Ethiopia will prioritise potash and construction minerals in a push to attract investment from large-scale miners, according to a draft policy document reviewed by Reuters ahead of an expected government announcement on Monday.Ethiopia
Ethiopia is looking to woo foreign mining companies to kick-start development of its vast mineral resources to plug a large trade deficit. Most existing mineral extraction is artisanal.
The government will support and incentivise investors who aim to develop minerals that are key inputs for agriculture, such as potash, which is used to make fertilizer, the draft policy document said.
However, it did not give any specifics about potential tax cuts or other sweeteners to attract additional investment.
Minerals minister Samuel Urkato was expected to announce the new policies during a keynote address opening a mining conference in Addis Ababa later on Monday.

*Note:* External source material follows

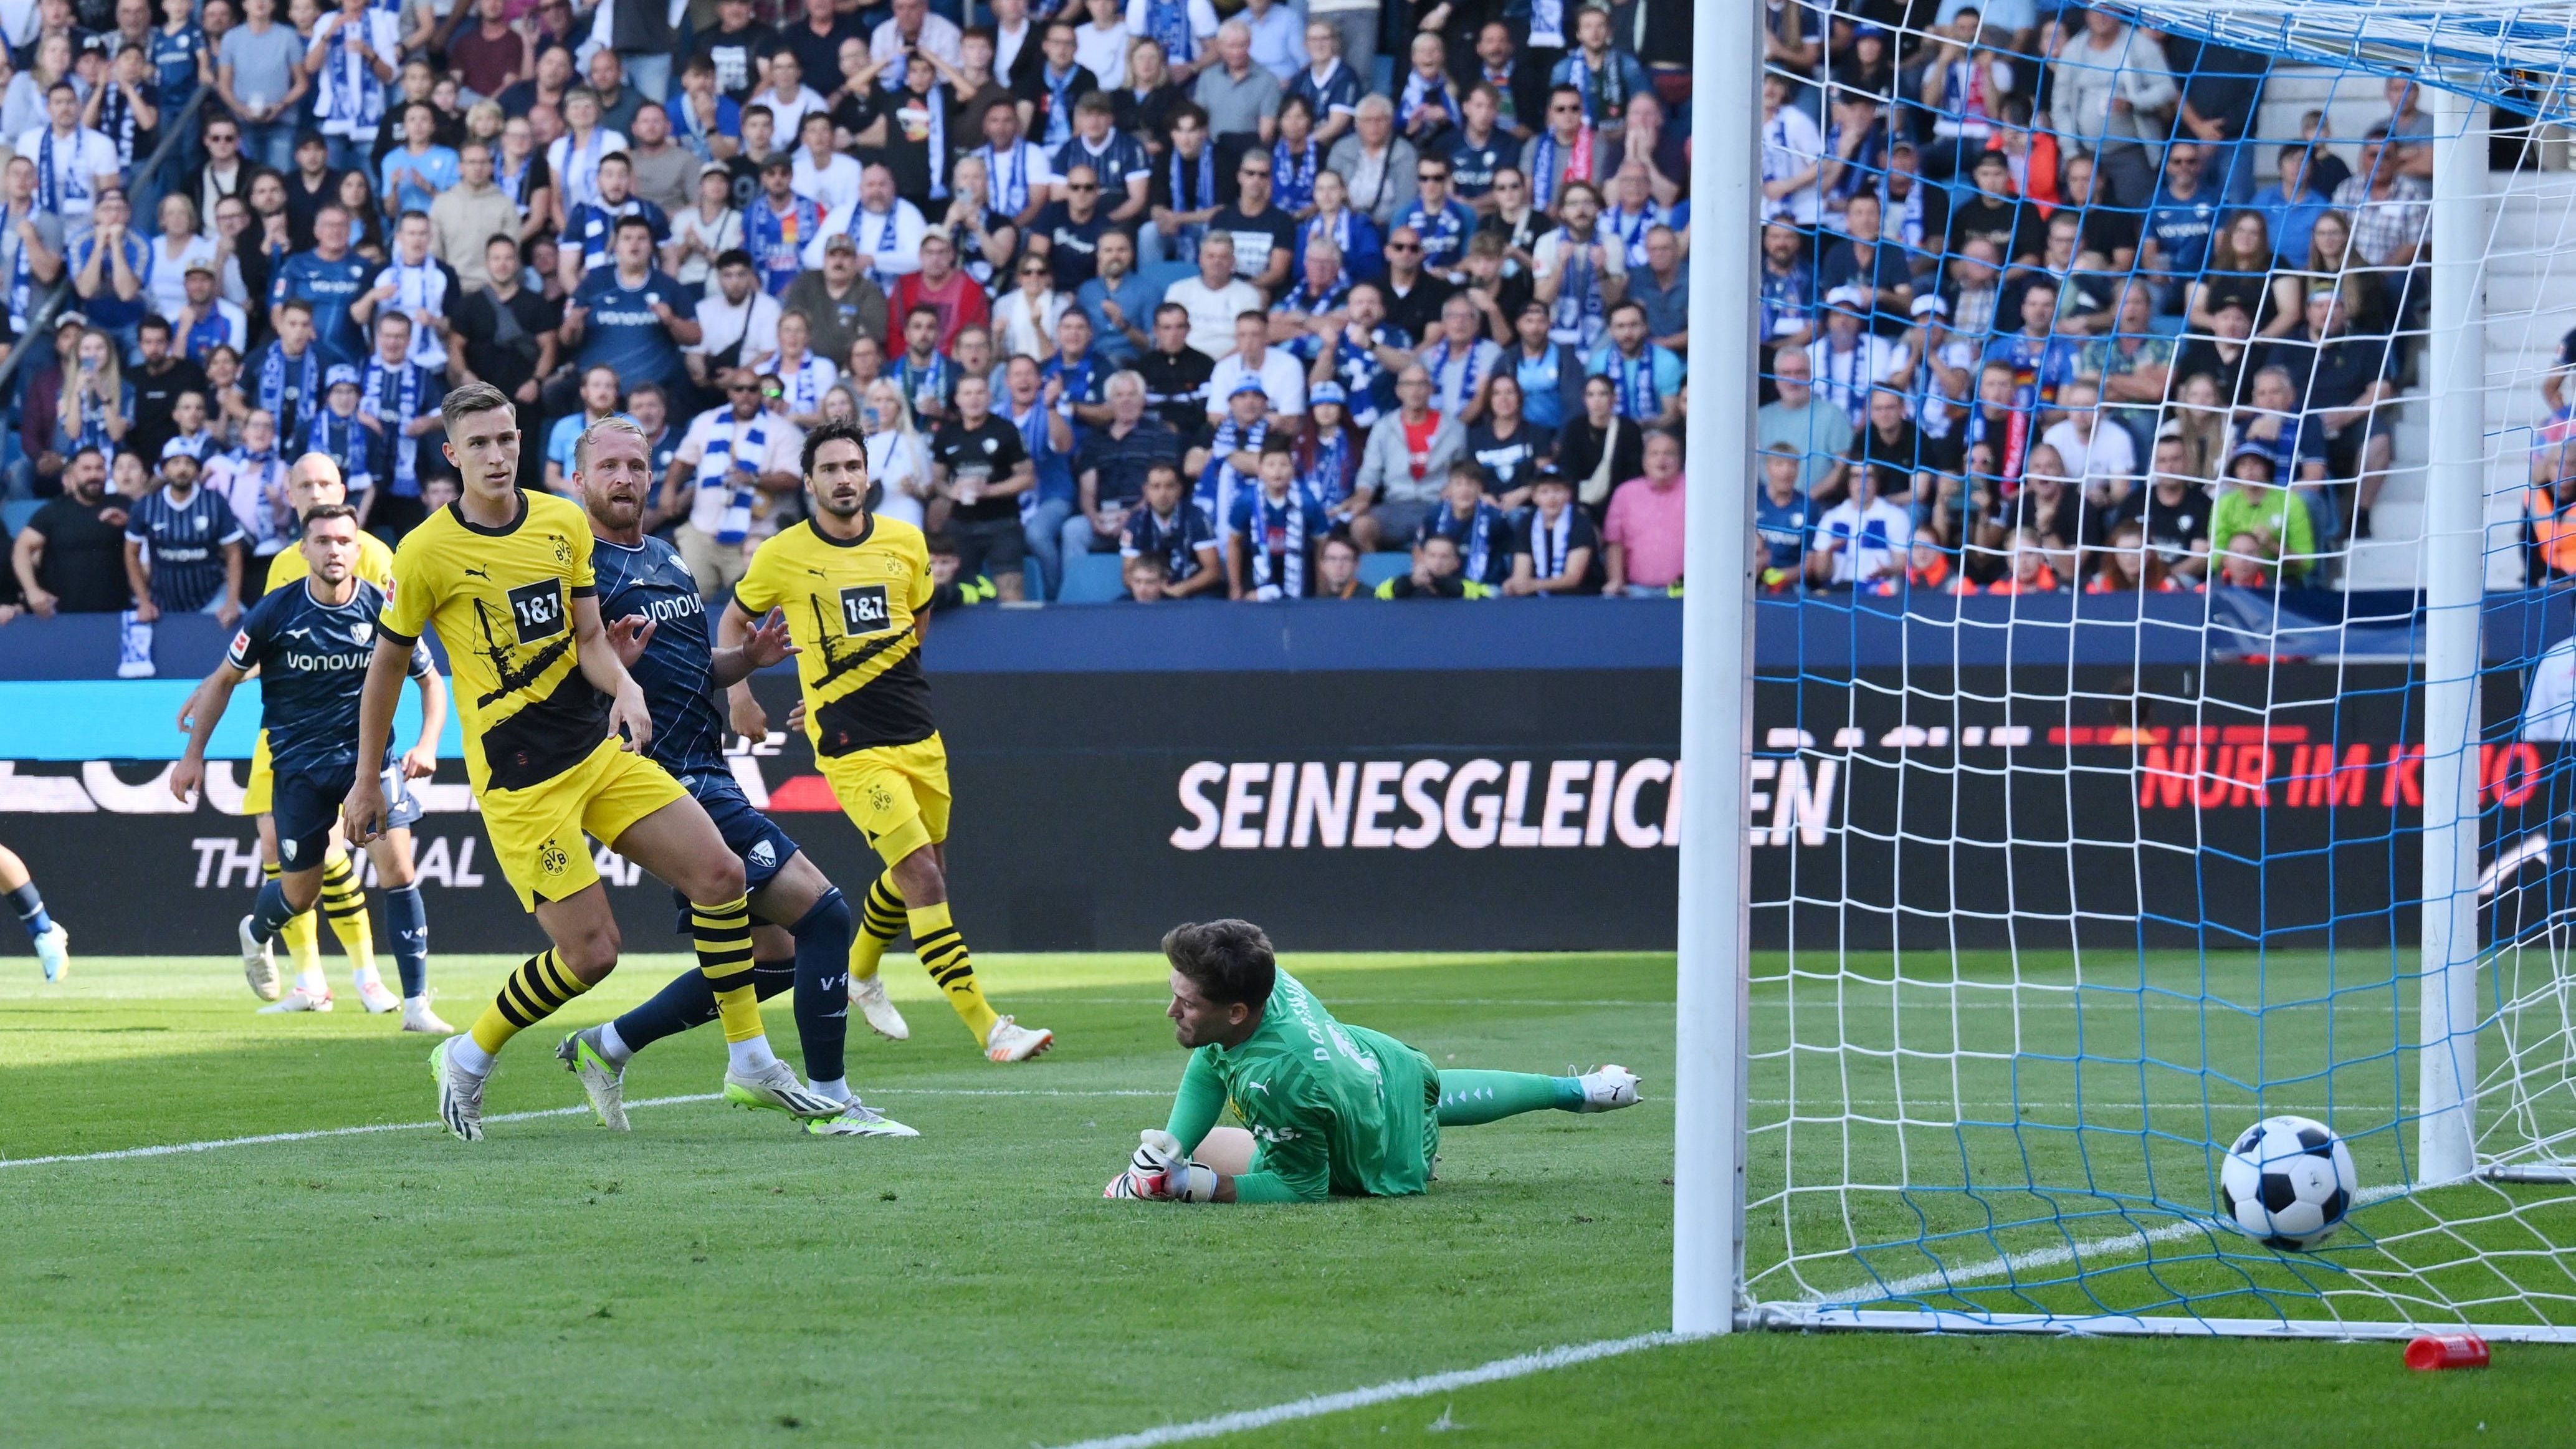 <strong>2. Spieltag: Zum 129. Mal in Folge kein 0:0 bei BVB-Spiel</strong><br>Borussia Dortmund hat im kleinen Revierderby in Bochum schon mit dem ersten Gegentreffer einen neuen Bundesliga-Rekord aufgestellt. Damit spielt der BVB zum 129. Mal in Folge in der Bundesliga eine Begegnung, in der mindestens ein Treffer fällt. Zuvor teilten sich BVB und Schalke den Rekord mit jeweils 128 Partien in Folge mit mindestens einem Treffer. (Quelle: optafranz/twitter)

Norwegian fertilizer company Yara is among those planning to develop potash, found in the remote Danakil depression in the northern Afar region of the country, through its Yara Dallol project.
Ethiopia aims to increase the mining sector’s contribution to GDP to 10% by 2030 from 3% today.
However analysts say it will be hard for the government to achieve that goal solely by attracting foreign investors into the mining sector, given the timeline for developing major projects.
The government is also enlisting the help of organisations such as the Canadian International Resources and Governance Institute (CIRDI) to develop the artisanal mining sector and increase government proceeds from these activities.
Of the high-value minerals Ethiopia produces, 60%-80% are mined artisanally, while that figure rises to 80%-95% for construction minerals such as basalt, pumice, and limestone, according to Rahel Getachew, senior programme officer at CIRDI’s project supporting the ministry of mines.
Ethiopia has been expected to announce changes to its mining policies since February this year.
The government reduced the corporate income tax rate for miners to 25% two years ago, from 35%, and has also lowered the precious metals royalty rate to 7%, from 8%.
The current law guarantees the government a 5% minimum equity stake in projects – a lower share than many other African countries.
Representatives from Yara Dallol, Kefi Minerals, and Newmont GoldCorp were set to attend the two-day conference, as well as the CEO of Midroc Gold, Ethiopia’s only industrial-scale mine, whose licence the government suspended in May 2018 over protests about pollution.
Kefi Minerals’ Tulu Kapi site in the west of the country is expected to produce its first gold in 2021, executive chairman Harry Anagnostaras-Adams said.